Acta Pharmacologica Sinica volume 29, pages 14781485 (2008) | Download Citation

This work was supported by the National Basic Research Program (973 Program) of China (No 2006CB708511) and the National Natural Science Foundation of China (No 30730109 and 30672531).

Abstract

Aim:

To investigate the effect of plagiochin E (PLE), an antifungal macrocyclic bis(bibenzyl) isolated from liverwort Marchantia polymorpha L, on cell wall chitin synthesis in Candida albicans.

Methods:

The effect of PLE on chitin synthesis in Candida albicans was investigated at the cellular and molecular levels. First, the ultrastructural changes were observed under transmission electron microscopy (TEM). Second, the effects of PLE on chitin synthetase (Chs) activities in vitro were assayed using 6-O-dansyl-N-acetylglucosamine as a fluorescent substrate, and its effect on chitin synthesis in situ was assayed by spheroplast regeneration. Finally, real-time RT–PCR was performed to assay its effect on the expression of Chs genes (CHS).

Results:

Observation under TEM showed that the structure of the cell wall in Candida albicans was seriously damaged, which suggested that the antifungal activity of PLE was associated with its effect on the cell wall.
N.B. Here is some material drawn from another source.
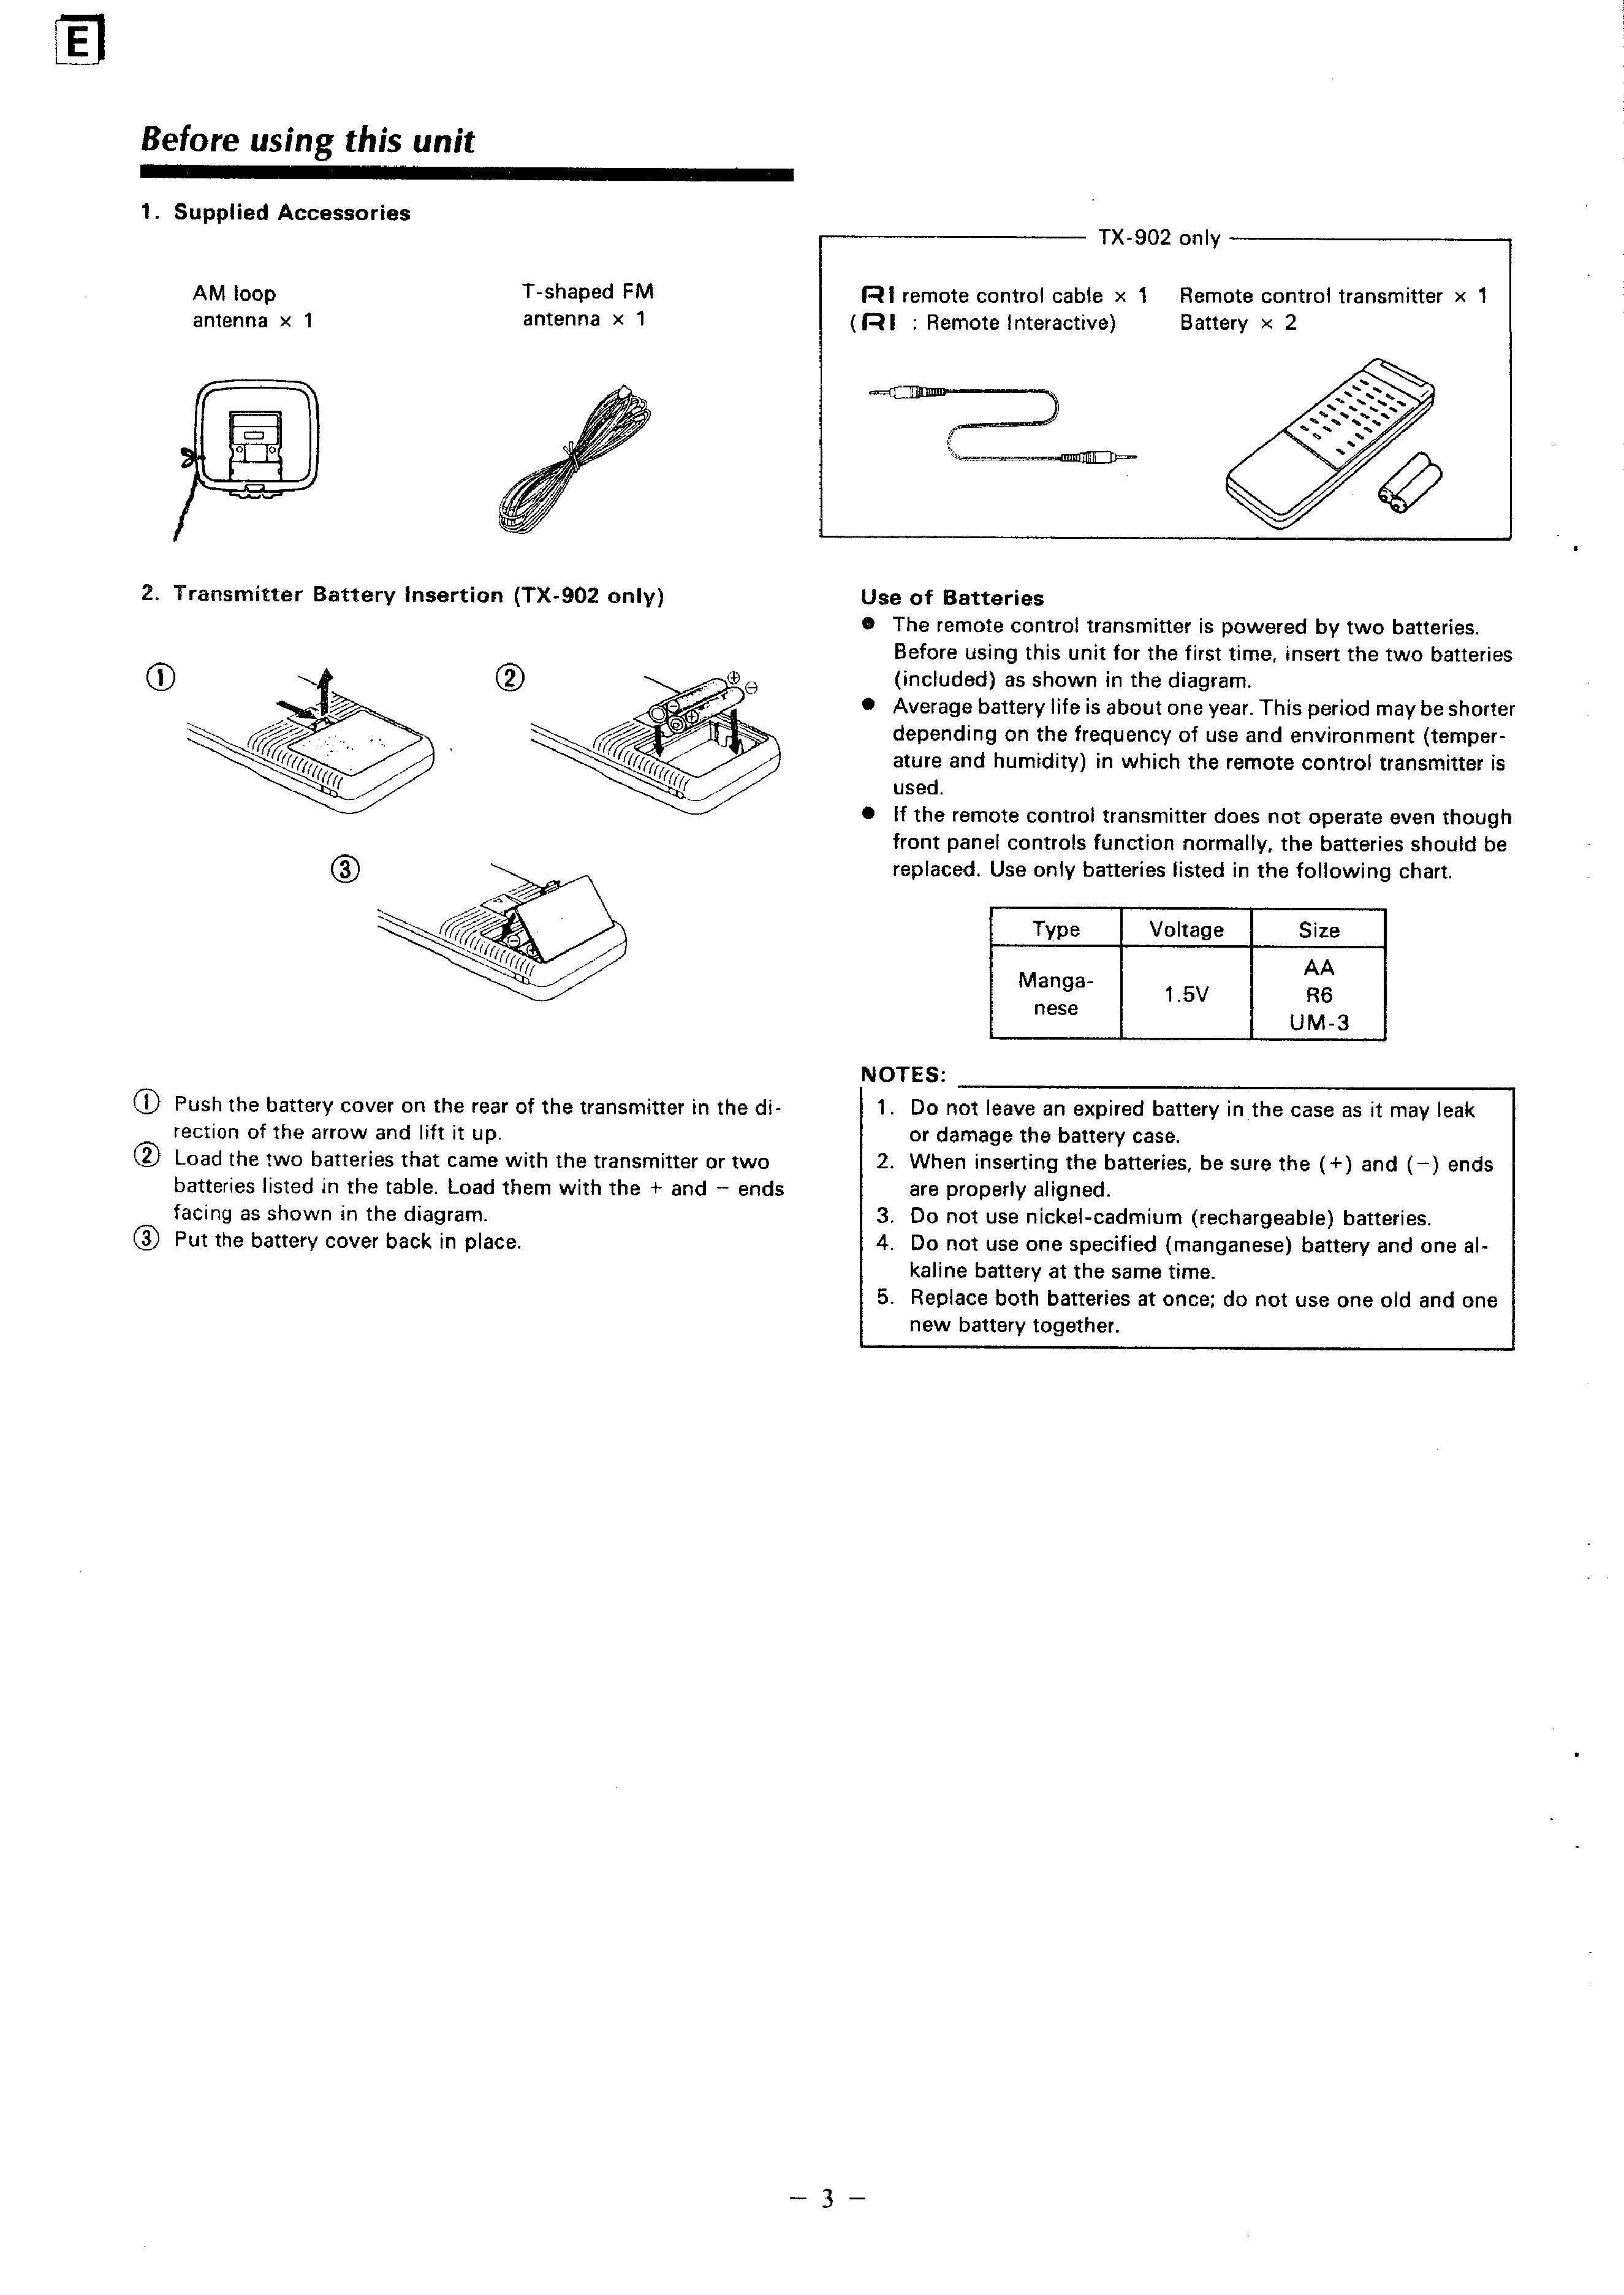 Onkyo tx Sv454 User Manual on

Enzymatic assays and spheroplast regeneration showed that PLE inhibited chitin synthesis in vitro and in situ. The results of the PCR showed that PLE significantly downregulated the expression of CHS1, and upregulated the expression of CHS2 and CHS3. Because different Chs is regulated at different stages of transcription and post-translation, the downregulation of CHS1 would decrease the level of Chs1 and inhibit its activity, and the inhibitory effects of PLE on Chs2 and Chs3 would be at the post-translational level or by the inhibition on the enzyme-active center.

Conclusion:

These results indicate that the antifungal activity of PLE would be attributed to its inhibitory effect on cell wall chitin synthesis in Candida albicans.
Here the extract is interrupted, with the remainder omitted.